Across 10 LPs and a DVD, the vaults of this breakout album have been raided to produce a deluxe edition boxset of pitch-perfect proportions. John Earls wallows in Prince’s 1982 otherworldliness…
Let’s make this clear immediately: what Warner have done with the first true deluxe edition of a Prince album is perfect. It’s the platonic ideal of a vinyl boxset. It takes 10 LPs and a Blu-Ray DVD, but here is everything from the CD/streaming edition of 1999 on six hours of vinyl. As Prince’s estate manager Michael Howe told Long Live Vinyl: “We’re big fans of vinyl. It’s a more satisfying experience so, when it came to making everything available, we said, ‘Great, let’s make the vinyl boxset complete’.”
Howe’s attitude helps make 1999 the year’s best reissue. Whereas the expanded Purple Rain reissue from 2015 was a frustrating compromise, the 23 demos and alternative takes on 1999 show the rumours of how much brilliant music Prince was making in the 1980s are true. Alongside a more intimate version of International Lover and a breathless early run-through of Purple Rain rarity Possessed are 17 songs Prince never released at all. True, you can hear him get bored of Bold Generation halfway through singing it. But a dozen songs could have made another brilliant Prince album in their own right. Lyrical iffiness aside, Vagina and Feel U Up are prime Prince filth in the mould of Lady Cab Driver. Rearrange is Raspberry Beret’s hot cousin. Prince rarely did straight-up better than Yah, You Know.
You’ll get lost in those demos for days, and they comprise just four of the 11 discs. A homecoming Detroit show a month after the album’s release is a joy, as you can sense Prince realising he’s finally about to become a superstar in a performance that’s teasing and playful even by his standards. This goes double for a Christmas gig in Houston on the Blu-Ray, where you can see just how otherworldly Prince’s brilliance was in 1982.

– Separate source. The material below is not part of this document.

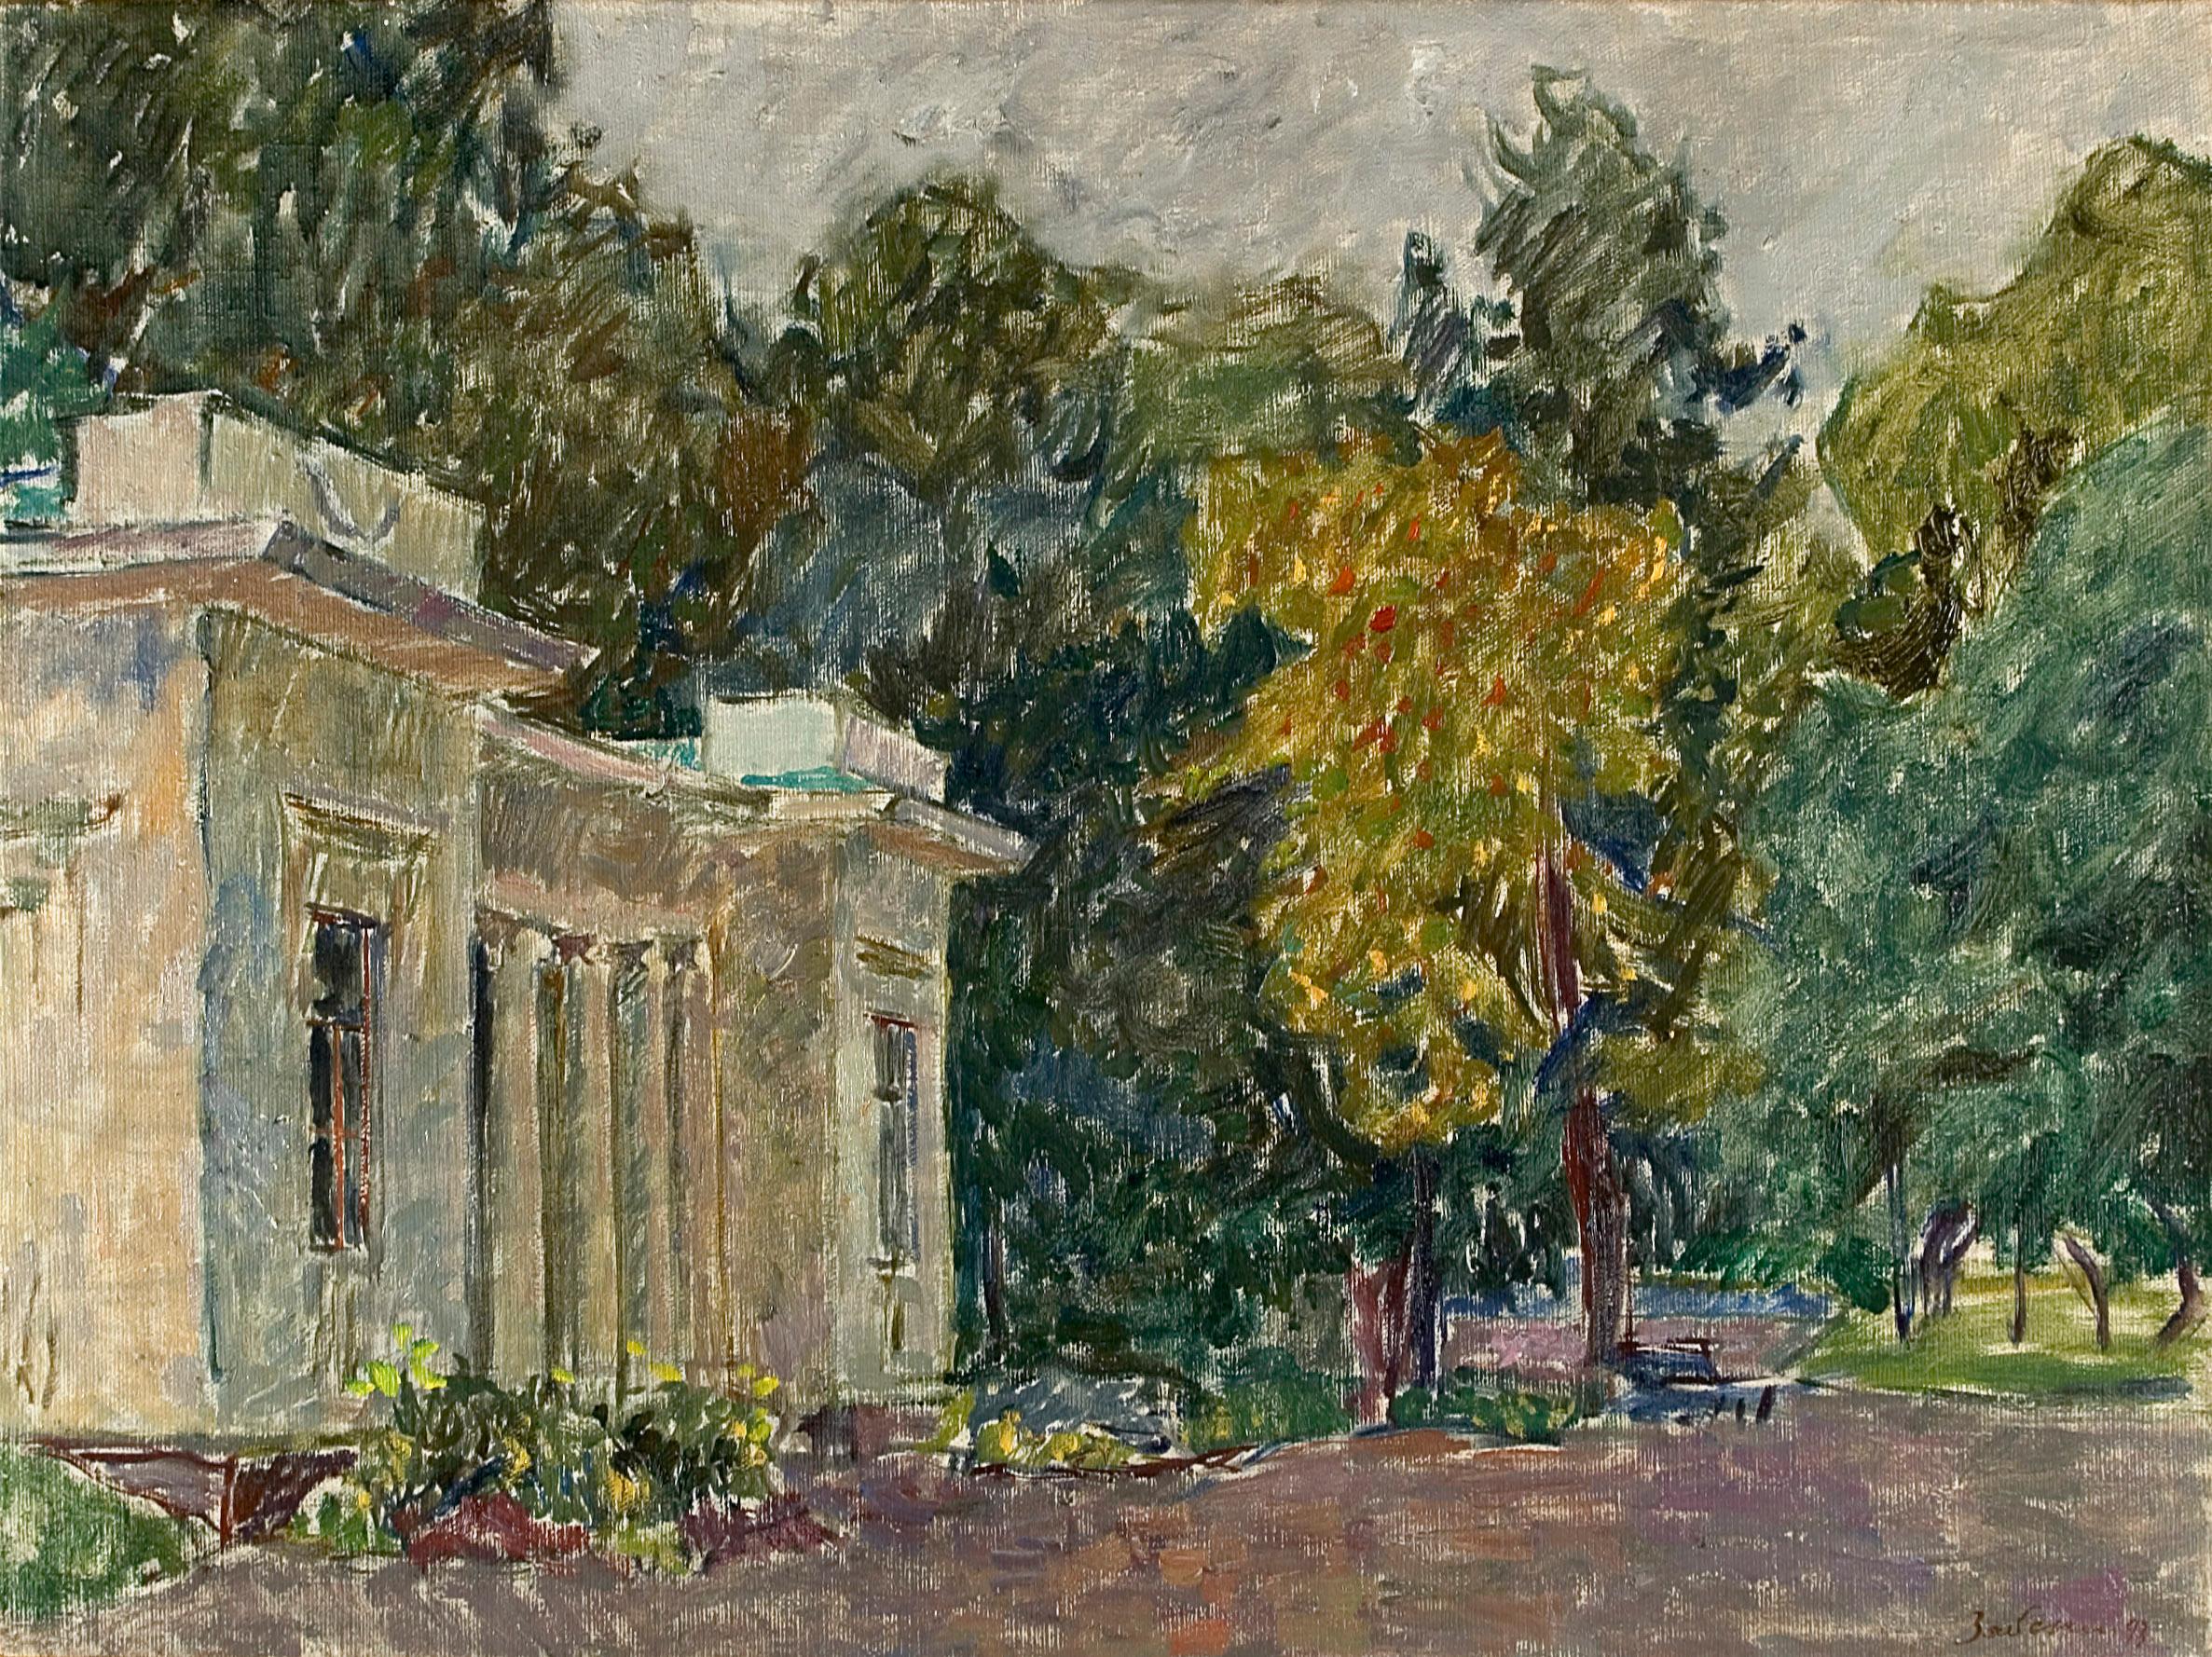 Vyacheslav Zabelin (1935- 2001) Considered a living master during his lifetime in Moscow, painted In the Old Park in 1993. Zabelin had already 300 paintings in museum collections throughout the world at the time of his death. A Surikov professor and

If there is a petty quibble to be had, it’s that the B-sides and remixes discs shouldn’t be so strictly chronological – hopefully, Warner will spread the songs out a bit next time, rather than have mono/radio/alternative edits of the same hit bleed interchangeably into each other.
With Howe having confirmed to LLV that similarly thorough expanded Prince albums are on the way, it’ll be interesting to see whether or not they’ll be released chronologically. Whatever happens, 1999 is a great album to start with. Not only are there so many wonderful extras, but the original album is wonderful and, in hindsight, an odd phenomenon.
Brilliant singles as the title track and Little Red Corvette are, how did a 70-minute double album become the one to make Prince stellar? The short answer is because there’s something to keep every music fan of 1982 happy. There’s a lot going on in 1999 and it really does need that loose running time to hold it all in. After all, we know 1999 could have been a 6LP studio album and it still wouldn’t have been a second too long.